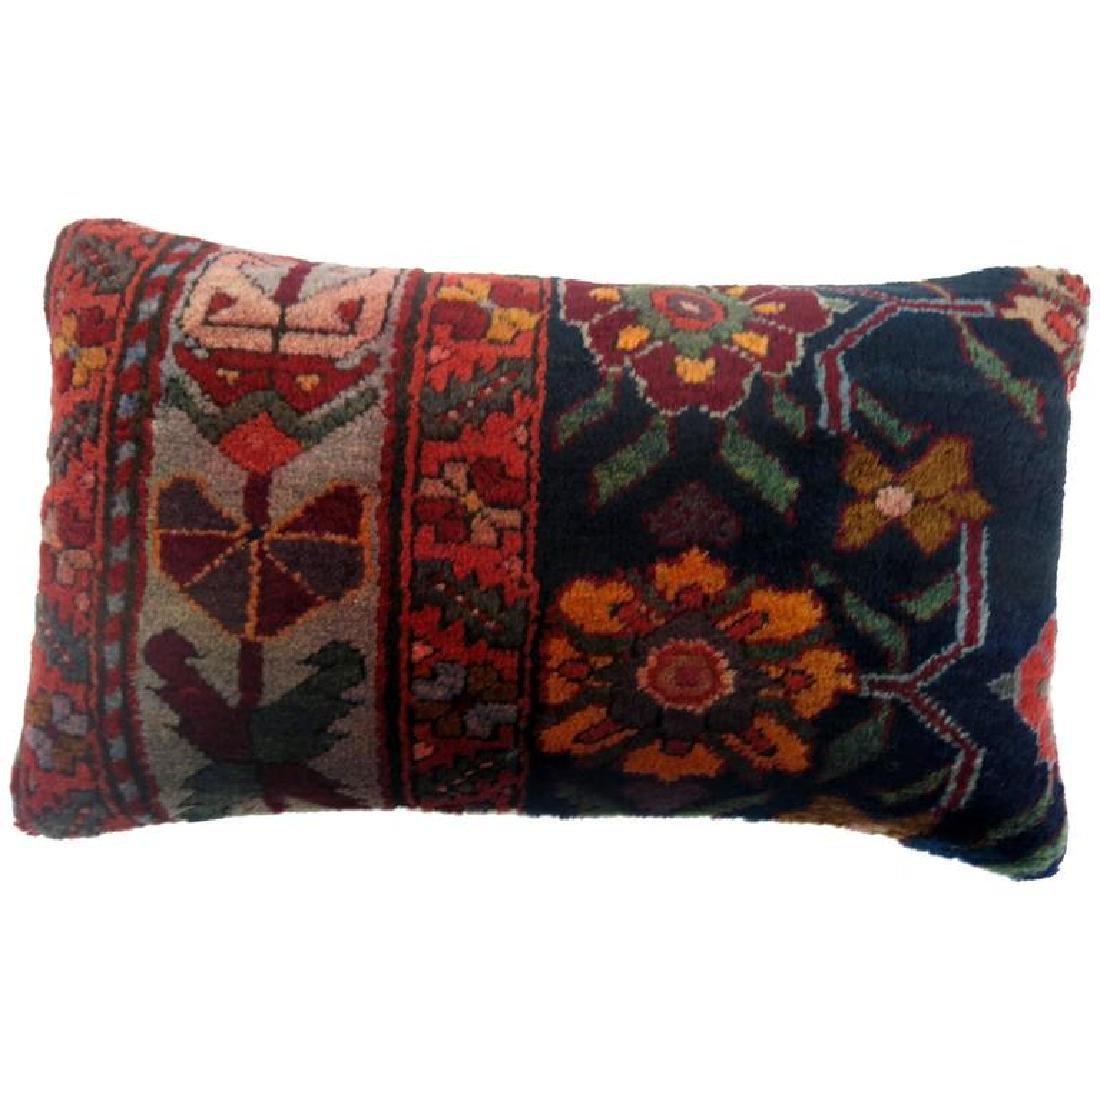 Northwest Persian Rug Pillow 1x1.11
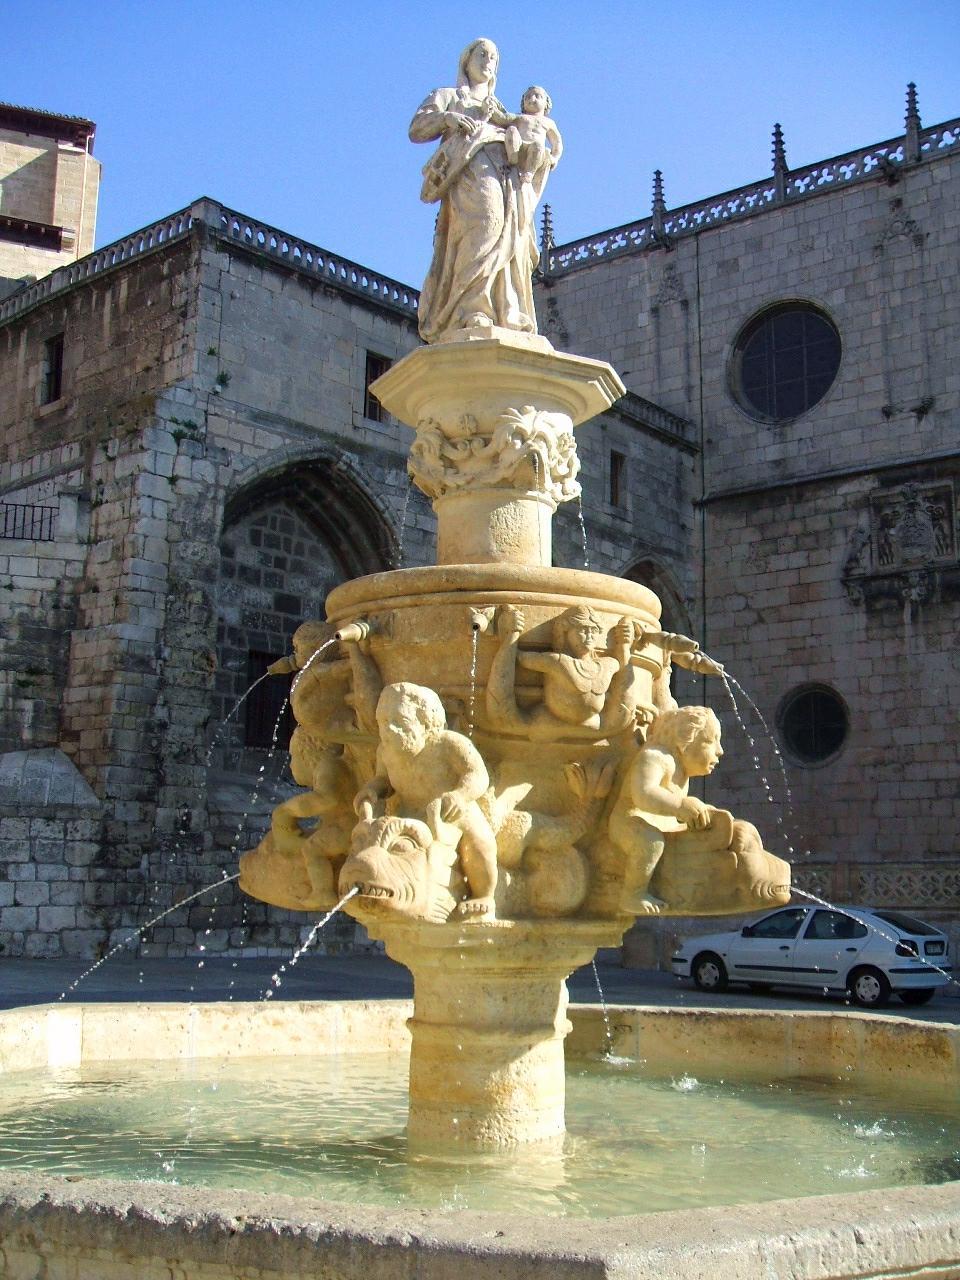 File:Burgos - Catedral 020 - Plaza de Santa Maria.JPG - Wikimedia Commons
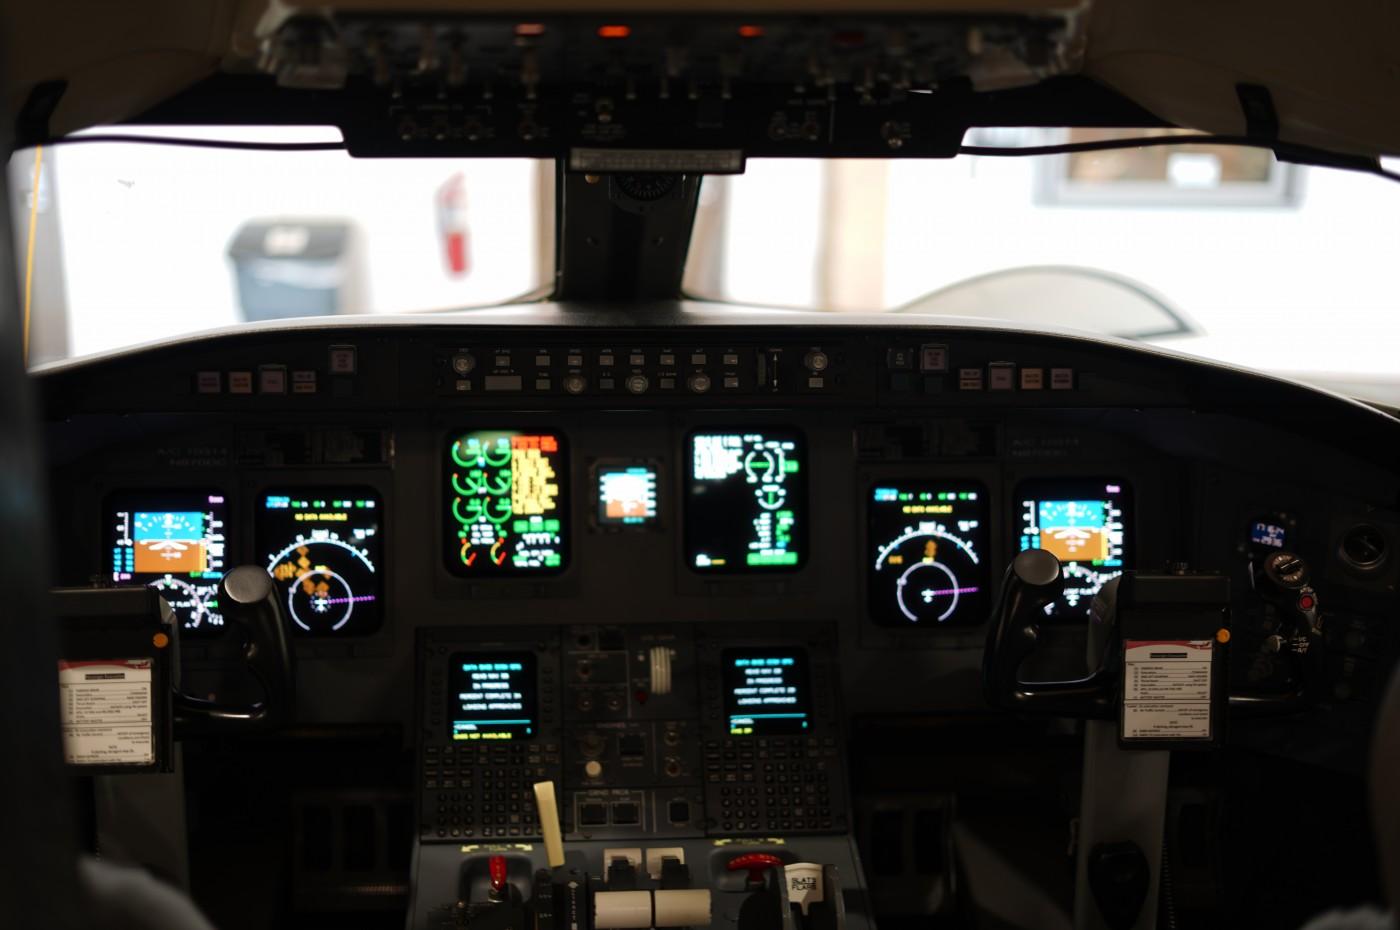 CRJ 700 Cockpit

__________________________________________________

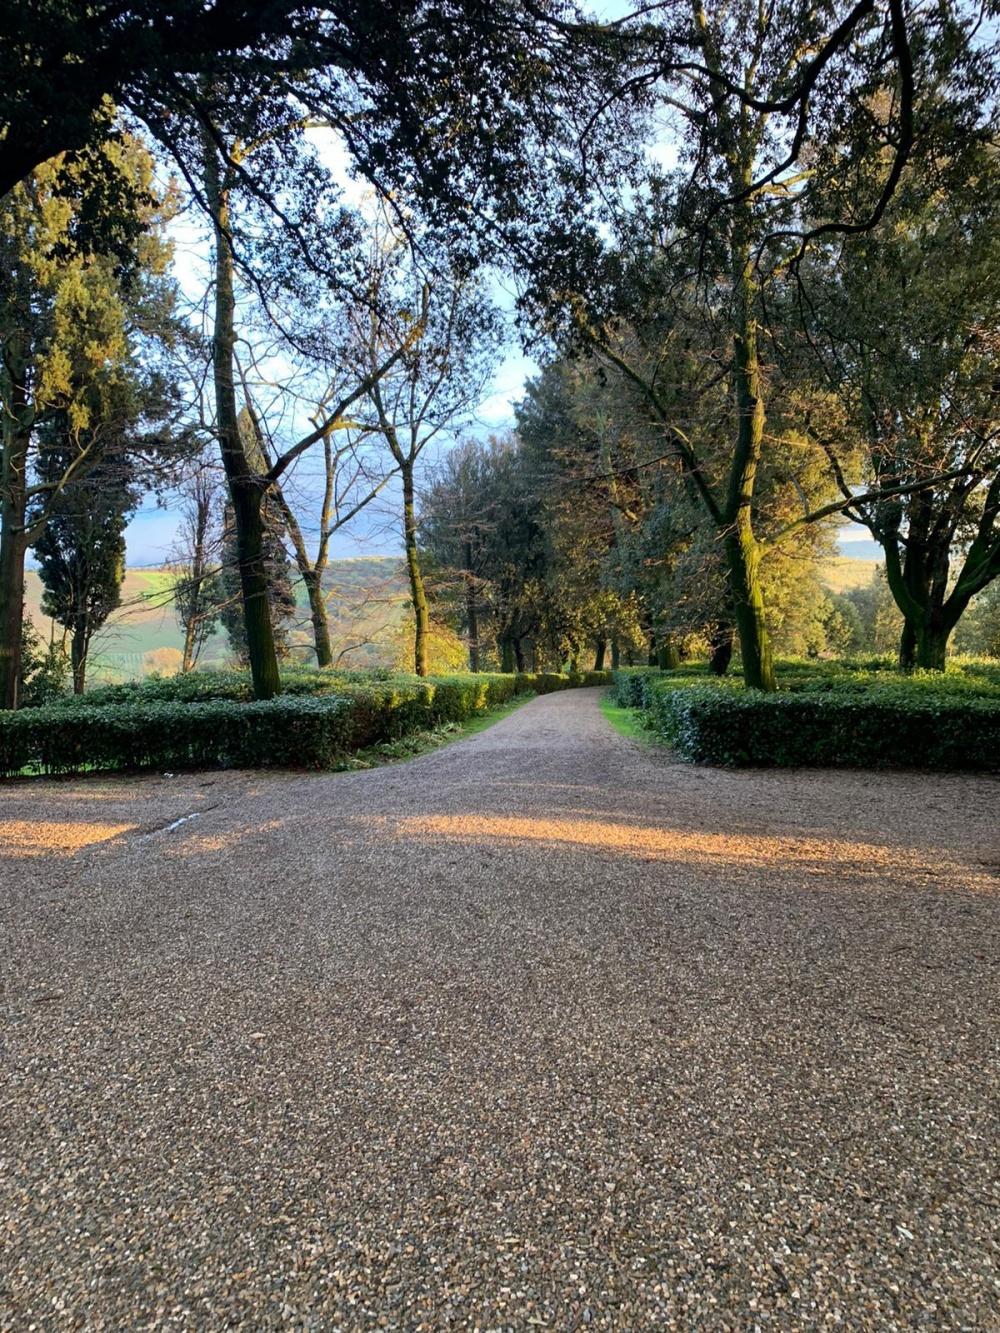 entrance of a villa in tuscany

__________________________________________________

-- Task description --
Repeat exactly the lines above, beginning at the one containing "Northwest Persian Rug Pillow 1x1.11" and ending at the one containing "CRJ 700 Cockpit". Do not carry over any pictures.

-- Output for this task --
 Northwest Persian Rug Pillow 1x1.11
 File:Burgos - Catedral 020 - Plaza de Santa Maria.JPG - Wikimedia Commons
 CRJ 700 Cockpit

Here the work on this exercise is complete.